Yanti, an agile woman of slight build, received her veterinary degree from one of Surabaya’s leading Universities, and has worked as a wildlife veterinarian for 10 years. Since 2007, she has participated in over 12 tiger rescues in Bengkulu province in southwest Sumatra. Her team often finds the tigers caught in traps or snares—their health seriously deteriorated. During one rescue, Yanti was forced to amputate the foot of a tiger that could not be released from a trap.
If her team is called into a rescue, Yanti must respond, regardless of whether she is feeling tired or sick. Minutes count, as the team races to rescue the tiger before it dies from its injuries, or is taken by hunters.
“We have rescued tigers that have been trapped, shot, stabbed, and poisoned, as well animals who have attacked villagers, eaten livestock, taken up residence in fields and gardens, or otherwise exhibited abnormal behavior,” said Yanti. “The hunting of tigers often increases during the holy month of Ramadan and the Idul Fitri holiday, since the hunters know the forest patrols are reduced during this time.”
Classified as Critically Endangered by IUCN, there are less than 400 Sumatran tigers left in the wild. They can live up to 15 yeas, and are solitary animals, with population densities around 4-5 adults per 100 square km (39 square miles). According to TRAFFIC, approximately 78% of the tiger deaths are from poachers who sell their parts on the black market—this, despite Indonesia’s passage of laws and stiff penalties designed to protect the animals.
According to Yanti, four issues must be addressed to ensure effective tiger conservation: 1) the shrinking of tiger habitat by human activities, 2) the inefficacy and lack of enforcement of laws preventing the illegal hunting and trade of tigers and their body parts 3) a lack of inter-agency collaboration between multiple stakeholders, and 4) the loss of species that tigers normally prey upon.

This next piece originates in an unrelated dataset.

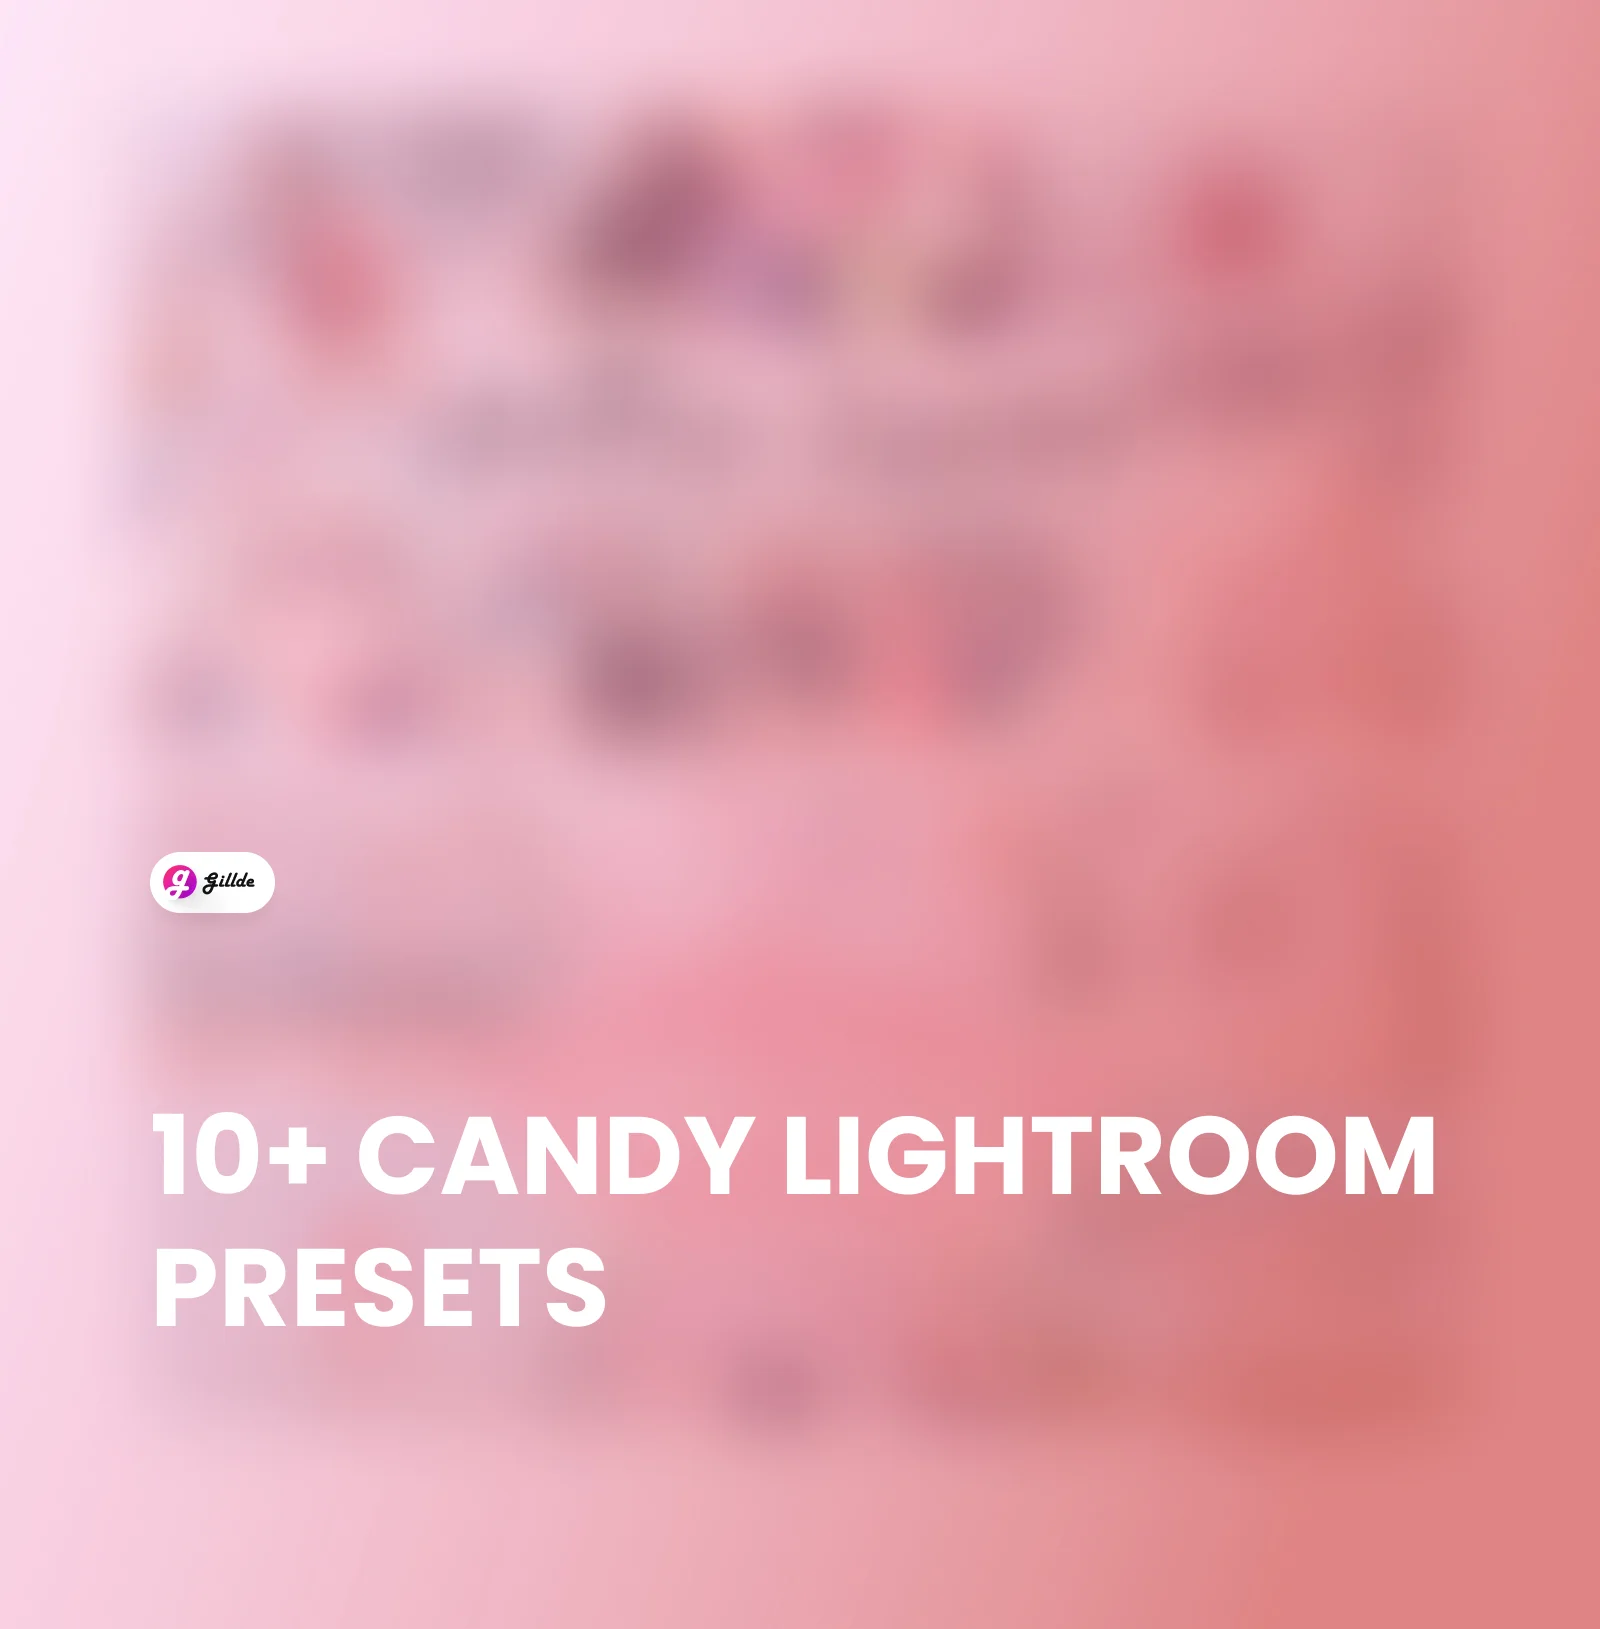 Candy Lightroom Presets

One possible solution which can help solve several of these, would be to establish a sanctuary well away from human populations where tigers would be free to roam in the wild.
“Although there are already tiger conservation programs, which protect the animals by placing them in zoos, this is not a permanent solution,” Yanti believes. “A tiger’s natural habitat is in nature, not in a cage. If a tiger is kept in a cage, its behavior can be changed, permanently.”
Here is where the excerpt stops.